La trampa está en que la compañía declara ante AFIP sus productos a precio mucho más bajo que el del real en el mercado, por ejemplo su línea de cigarrillos Red Point figura en su resumen fiscal a un valor de 625 pesos, Master a $568 y Kiel $525. Pero el verdadero precio de venta ronda los 1.000 a 1.200 pesos en los kioscos. Por lo que la empresa paga impuestos un 50% menos del precio de venta al público, evadiendo unos 200 millones de pesos anuales ante el ente fiscal.

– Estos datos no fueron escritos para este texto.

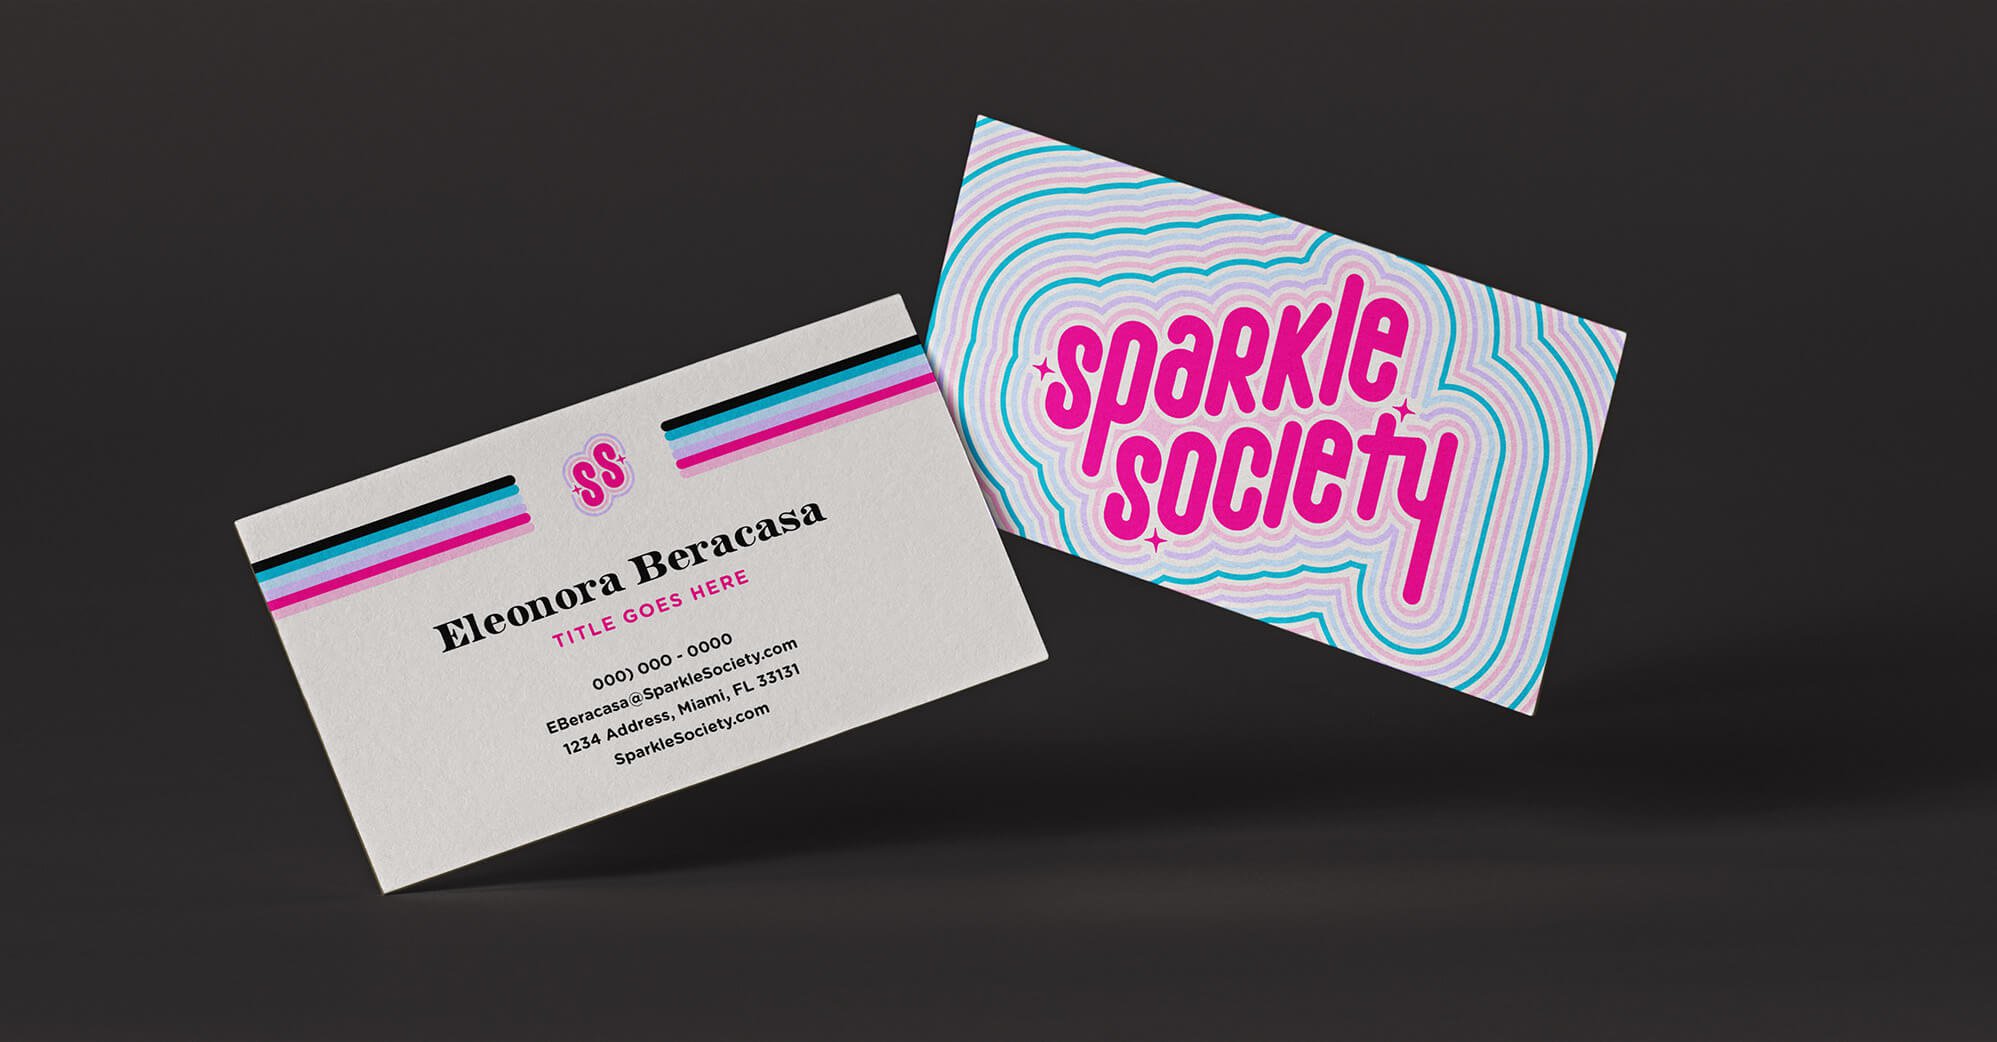 Sparkle Society Case Study - Business Cards

“El señor del tabaco”: maneja el 45% del mercado de cigarrillos y amenaza a un periodista

De este modo, la tabacalera de Otero se convirtió en la que domina el mercado en menos de cinco años, pasó de tener un 5% del negocio a más del 40%. Lo que representa para el fisco una “pérdida de recaudación acumulada de 5.823 millones de dólares entre los años 2018 y 2023”, según un informe de la consultora Abeceb del año pasado.

La justificación para la evasión de Otero es que el impuesto mínimo afecta a las pymes en su competencia contra las grandes tabacaleras y al considerar a su firma como una pequeña industria, a pesar del volumen de ventas y producción que maneja, se le permite no abonar el total de los impuestos.

De hecho, el planteo en la nueva Ley Bases que el oficialismo pretendía era el de aumentar el gravamen sobre los cigarrillos del 70 al 73% incluyendo el pago del IVA, bienes personales y los fondos a las provincias productoras. Sin embargo el artículo cayó dentro de la Cámara baja de la mano de los diputados Carlos Castagneto de Unión por la Patria, Cristina Ritondo del PRO y Carlos Zapata de La libertad Avanza, quienes hicieron lo posible para eliminar el punto normativo que desfavorecía a Otero.